Eligible Small Business (For Purposes of Offsetting AMT Only)
An eligible small business is:
- A corporation whose stock isn’t publicly traded,
- A partnership, or
- A sole proprietorship.
The average annual gross receipts of the corporation, partnership, or sole proprietorship for the 3-tax-year period preceding the tax year of the credit can’t exceed $50 million. Gross receipts for any tax year must be reduced by returns and allowances made during the year. Any reference to your business also includes a reference to any predecessor of your business. If your business wasn’t in existence for the entire 3-year period, base your average annual gross receipts on the period your business existed. Also, if your business had a tax year of less than 12 months, your gross receipts must be annualized by multiplying the gross receipts for the short period by 12 and dividing the result by the number of months in the short period.
Note. Gross receipts must meet the definition under section 448(c)(2) and (3) and Regulations section 1.448-1T(f)(2)(iv).
Member of controlled group, business under common control, or affiliated group. For purposes of the gross receipts test, all members of a controlled group of corporations (as defined in section 52(a)) and all members of a group of businesses under common control (as defined in section 52(b)) are treated as a single person; and all employees of the members of an affiliated service group (as defined in sections 414(m) and (o)) shall be treated as employed by a single person.
Treatment of partners and S corporation shareholders. A partner or S corporation shareholder can’t be treated as an eligible small business unless both the partnership or S corporation and the partner or S corporation shareholder meet the gross receipts test as discussed under Eligible Small Business, earlier, for the tax year that the credit is treated as a current year general business credit.
Qualified Small Business (Payroll Tax Credit Election)
A qualified small business is a corporation (including an S corporation) or partnership with:
- Gross receipts of less than $5 million for the tax year, and
- No gross receipts for any tax year before the 5-tax-year period ending with the tax year.

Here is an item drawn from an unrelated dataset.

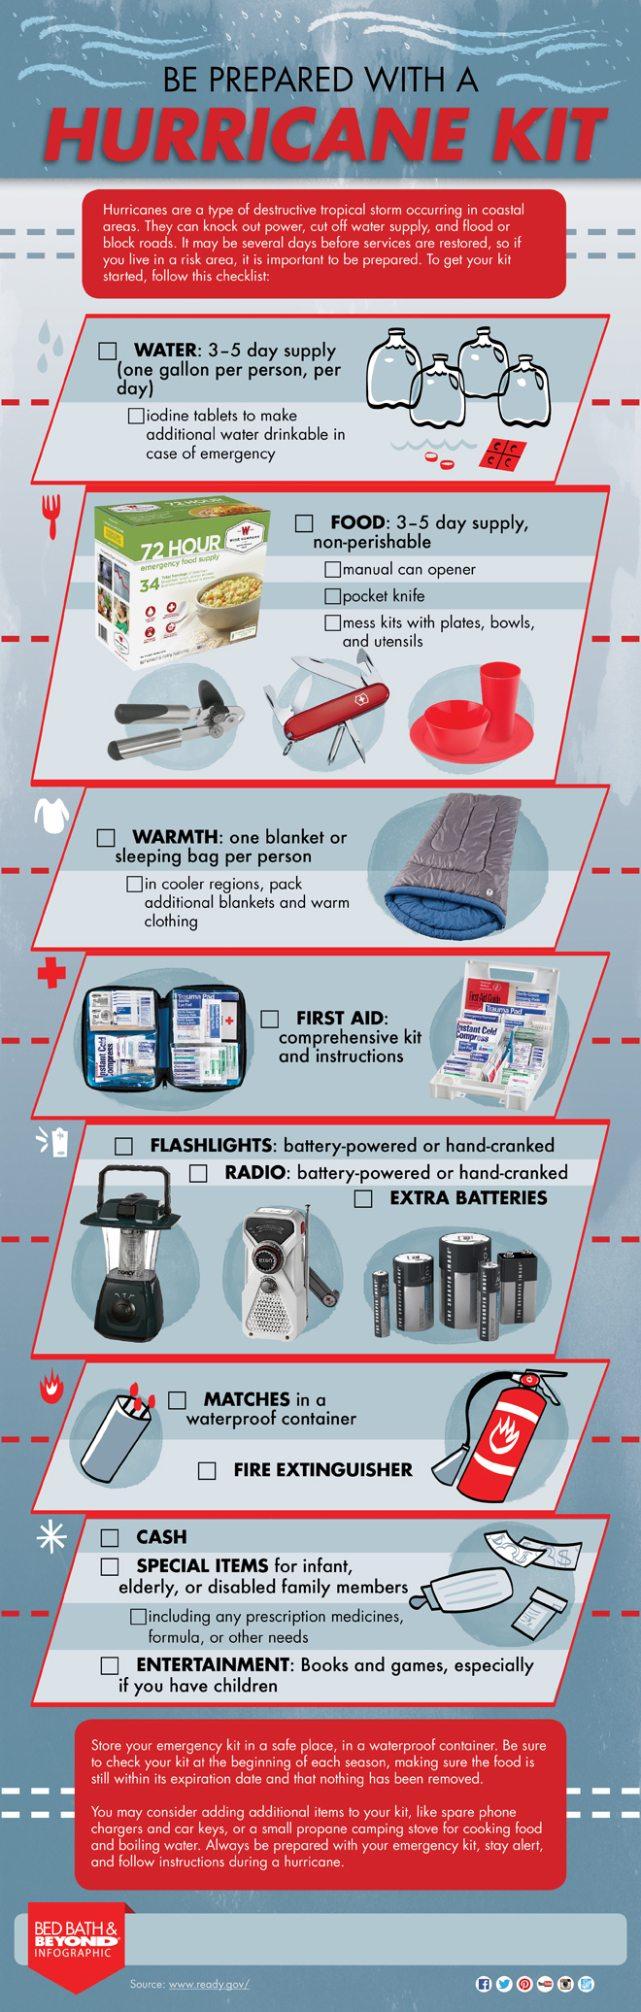 Hurricane Preparation List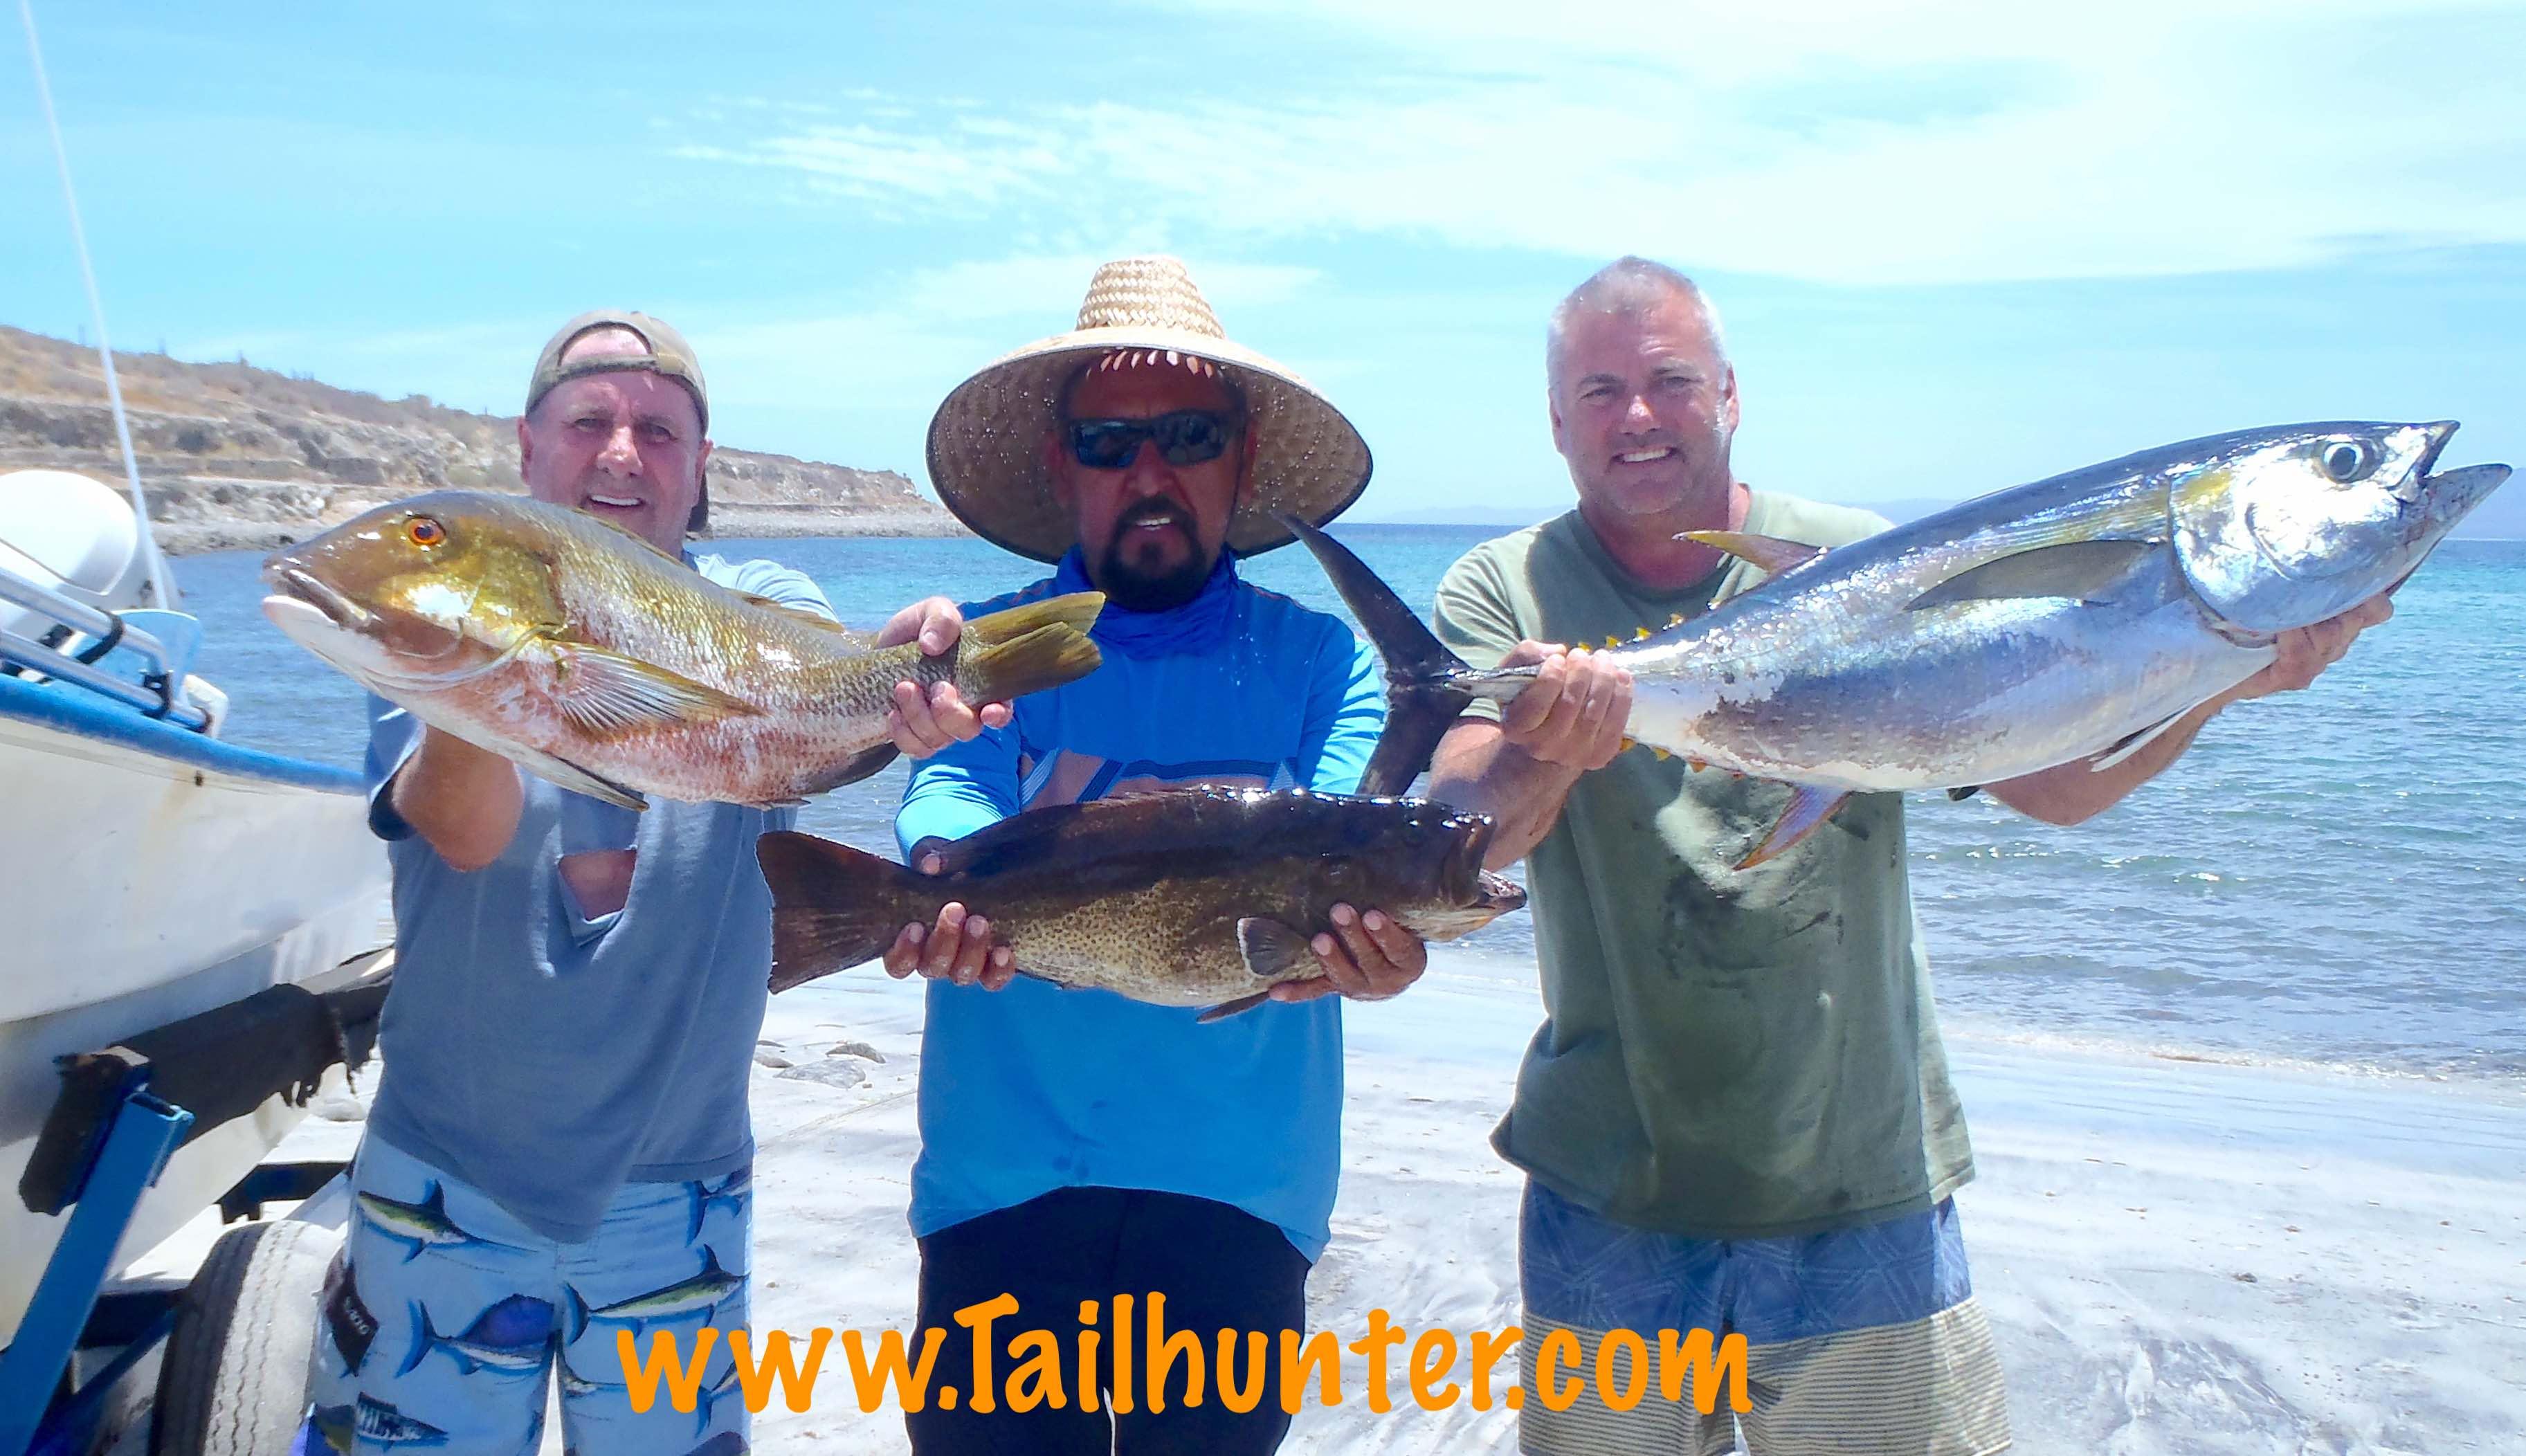 Tailhunter Fish Report La Paz Baja California Sur Mexico

Any other person may be considered a qualified small business if the person meets the requirements of (1) and (2) above, taking into account the aggregate gross receipts received in all the trades or businesses.The term “gross receipts” for purposes of determining whether your business is a qualified small business means gross receipts as determined under section 448(c)(3) (without regard to subparagraph (A) thereof) and Regulations sections 1.448-1T(f)(2)(iii) and (iv). The definition of gross receipts under section 41(c)(6) and Regulations section 1.41-3(c) doesn’t apply for this purpose. Any reference to your trade or business also includes a reference to any predecessor of your trade or business. Also, if your trade or business had a tax year of less than 12 months, your gross receipts must be annualized by multiplying the gross receipts for the short period by 12 and dividing the result by the number of months in the short period.A qualified small business doesn’t include a tax-exempt organization under section 501.